A highly controversial proposal to cap the £432m a year budget for criminal legal aid, which is currently available on an unlimited basis to all who qualify, is also to be floated in the paper - the first fundamental shake- up of the civil and criminal schemes for more than 40 years.

In addition, a multi-million pound "special", or fall-back, fund to meet costs in unexpectedly large cases - such as drug or transport disasters - is to be included as part of plans by Lord Mackay, the Lord Chancellor, to impose cash limits on civil legal aid.

The paper - which Whitehall sources have emphasised is "very green" - is expected to argue that there is a "good case" for inviting opinions on whether the legal aid scheme should be extended to representation in all tribunals.

That would mean that cases involving unfair dismissal, sex and race discrimination, benefits, housing and immigration would be brought into the legal aid net after years of campaigning by legal and welfare bodies.

While that initiative is likely to be widely welcomed - although the paper is expected to highlight the risk that tribunals could become too dominated by lawyers - Lord Mackay's suggestion for cash limits on criminal legal aid is bound to spark a wave of protest.

But the Lord Chancellor is understood to be concerned that there is no incentive in the current demand-led scheme for lawyers to keep costs down and make progress on cases.
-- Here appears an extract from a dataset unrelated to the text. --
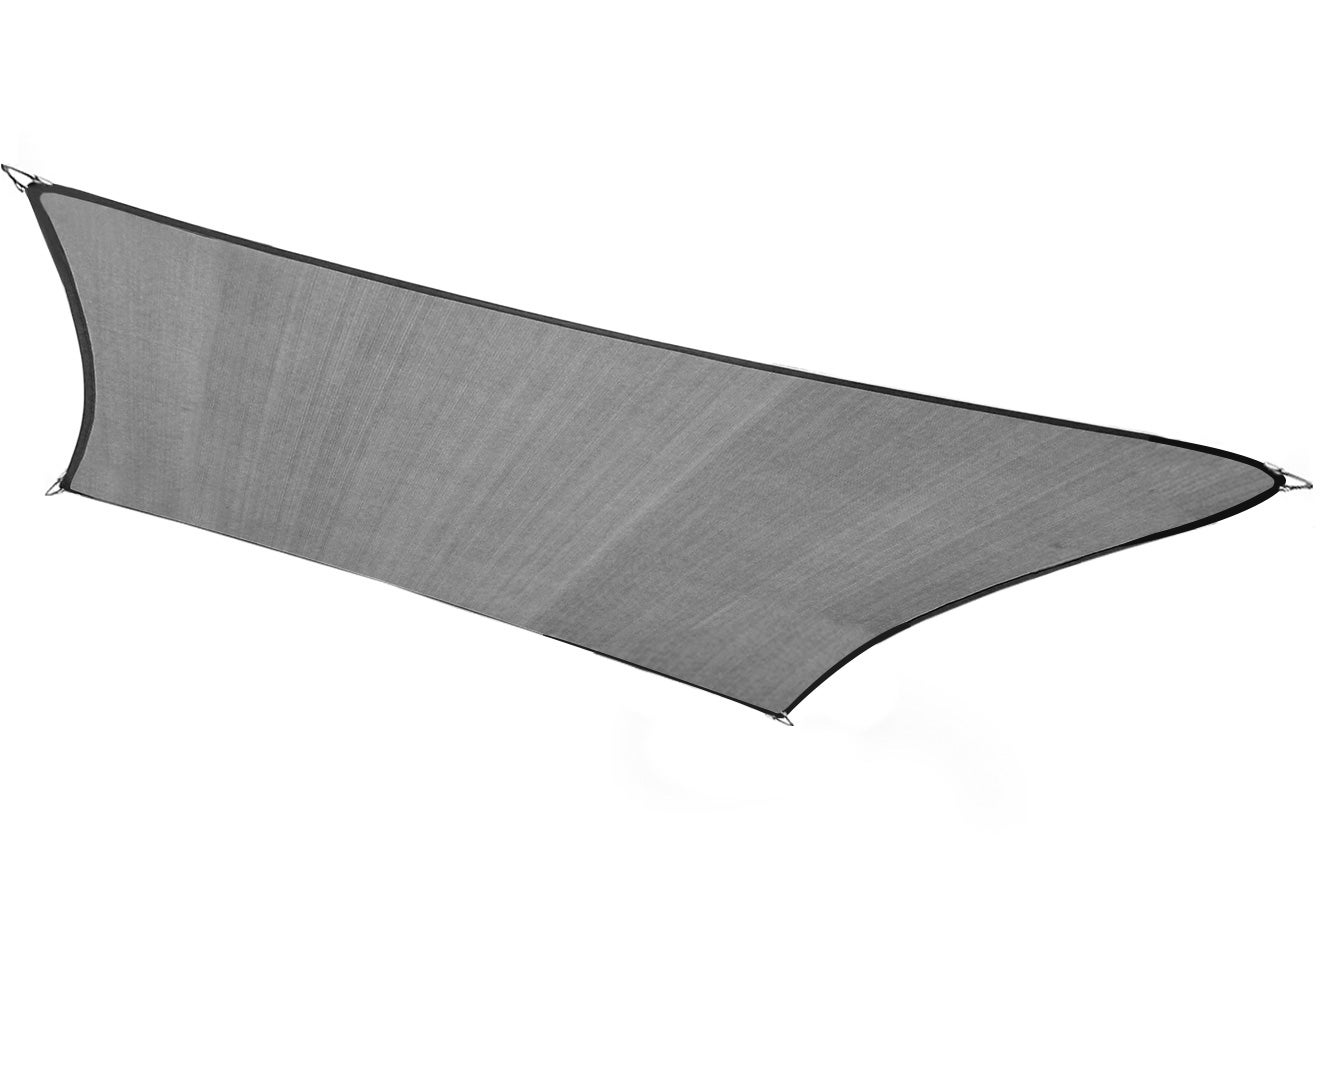 Wallaroo 3m X 2.5m Outdoor Sun Shade Sail Canopy Sailcloth - Grey Cloth Rectangle
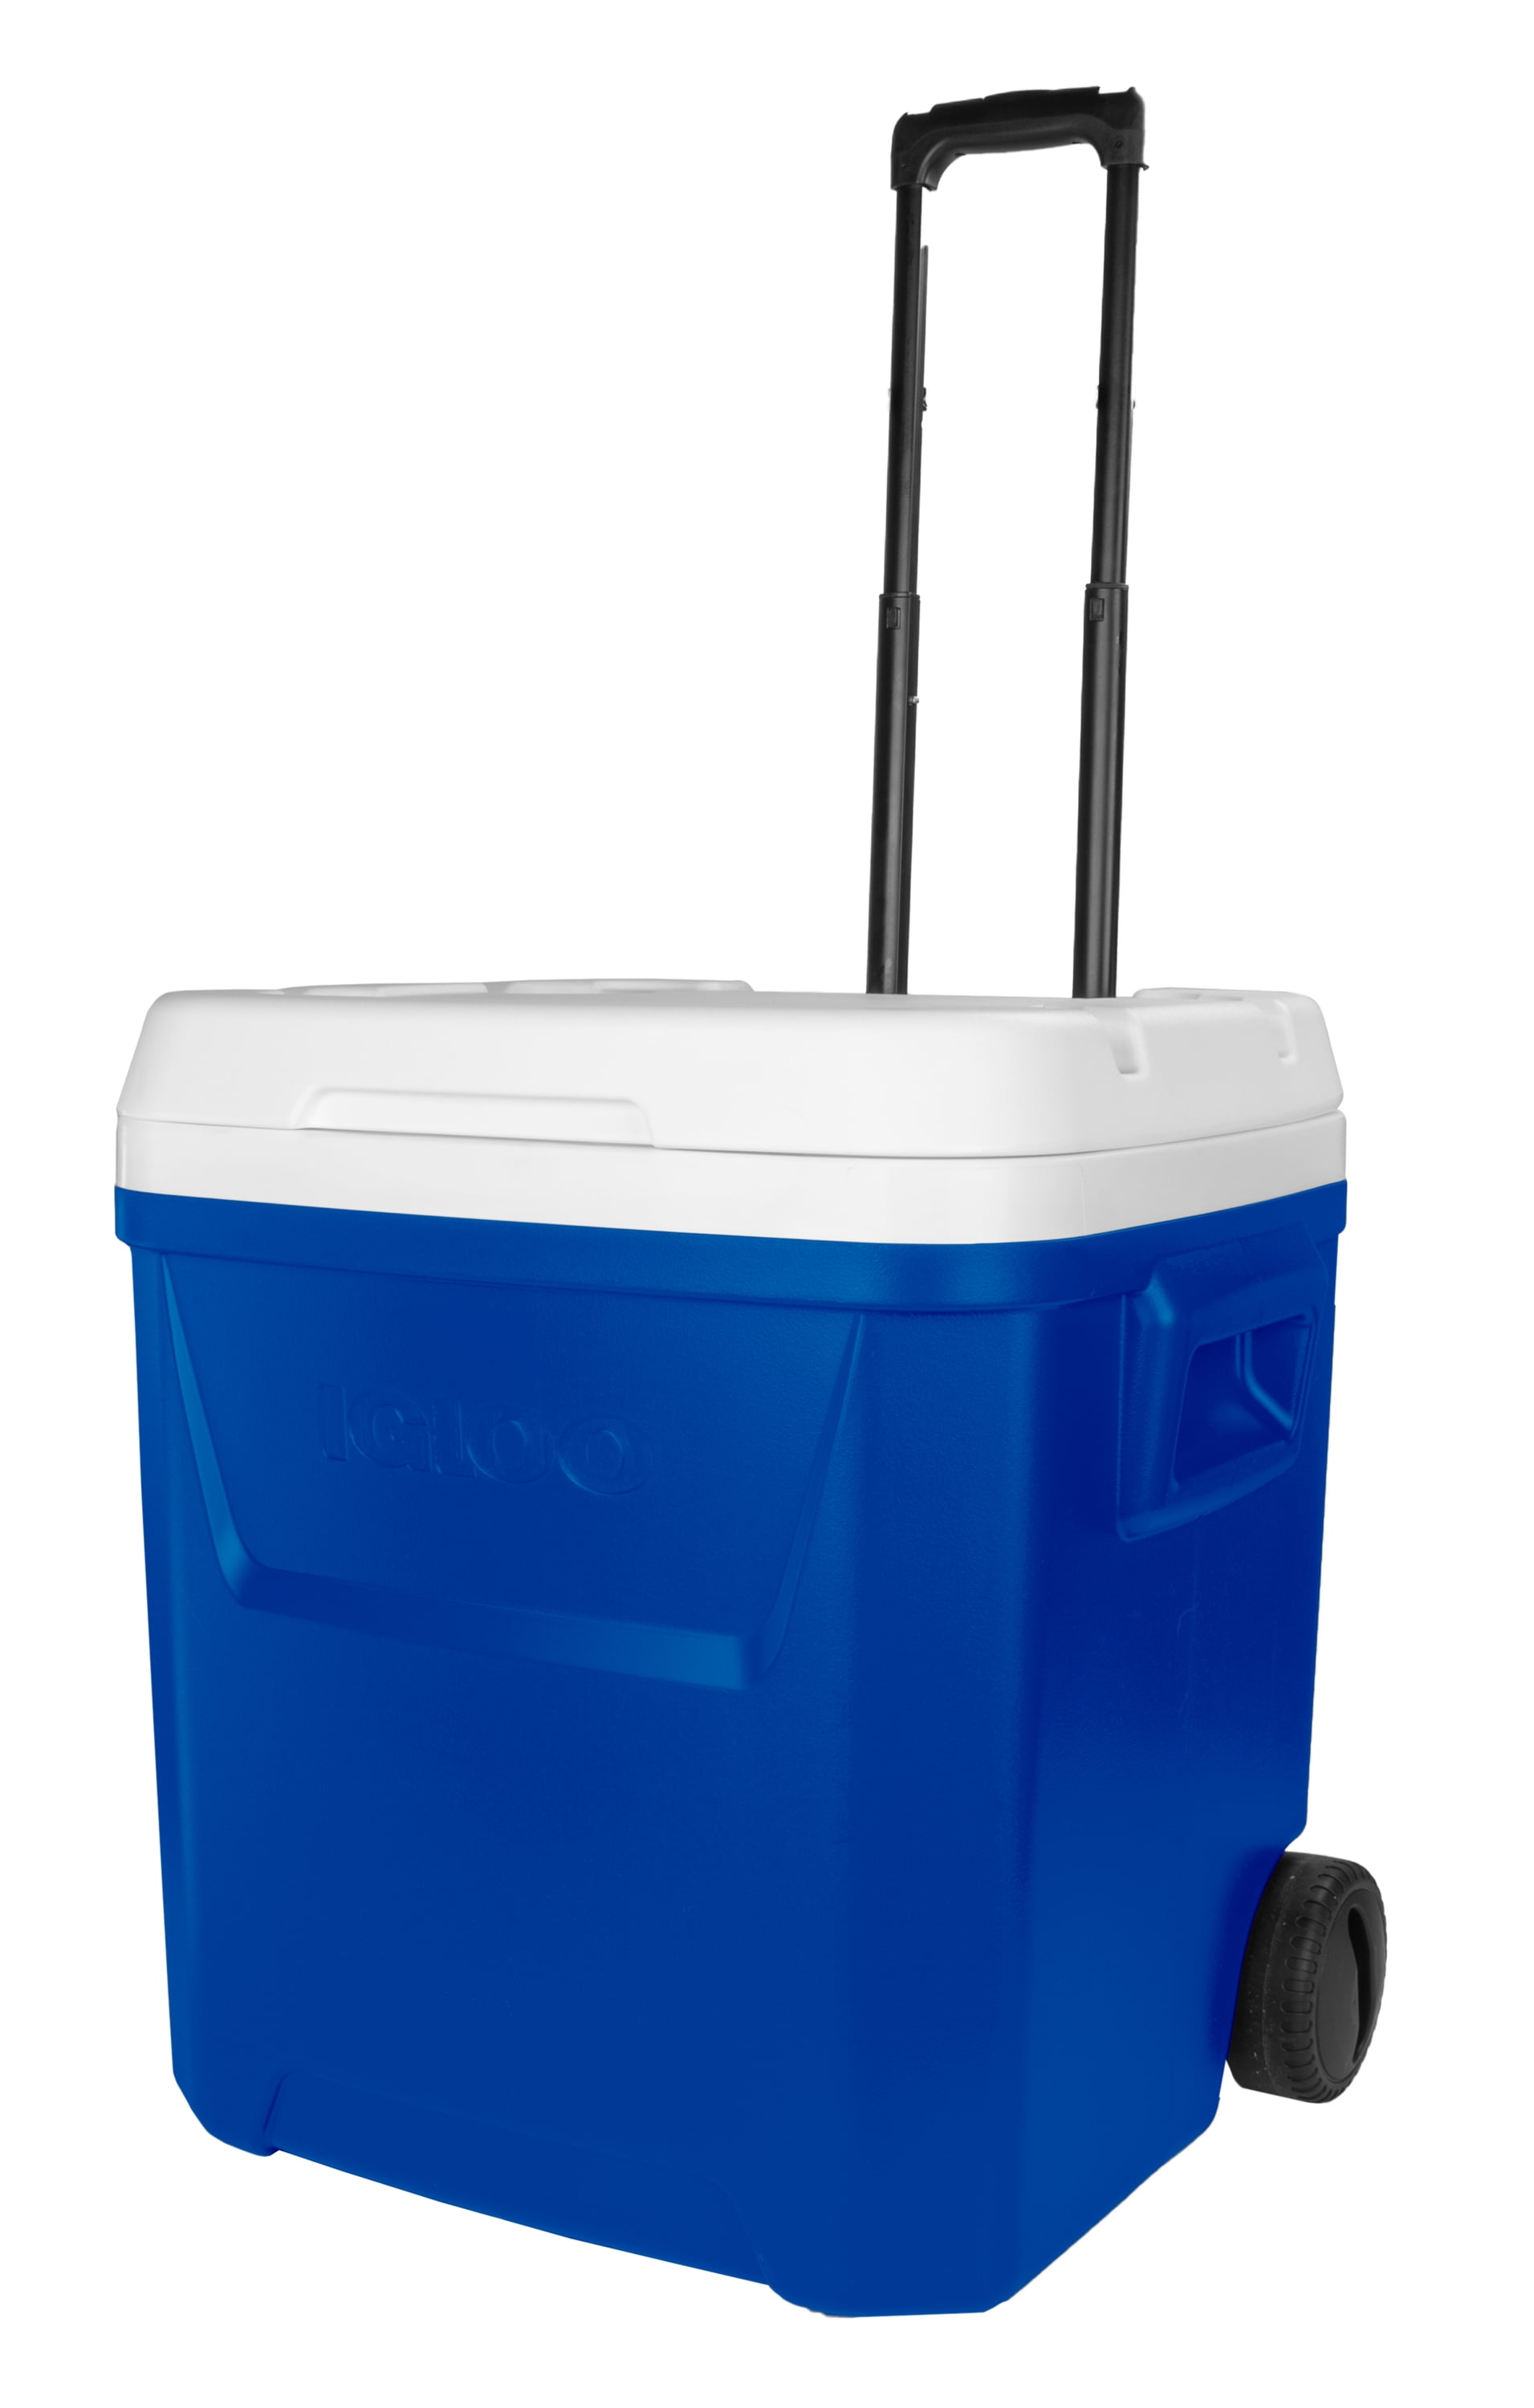 Igloo 60 qt. Laguna Ice Chest Cooler with Wheels, Blue - 1

Lord Mackay is said to be particularly concerned about the length of time high-profile multi-million pound criminal cases have taken and the resulting escalation in cost.

Lawyers are already coming to terms with the Lord Chancellor's well-trailed plans to impose cash limits on civil legal aid, effectively introducing an "internal market" for legal services controlled by new legal-aid area committees.

Lord Mackay is expected to argue that, taken as a whole, the proposals would help more people with legal problems while the available cash will be better targeted, and to pledge that the current projected expenditure on the two schemes will not be cut back.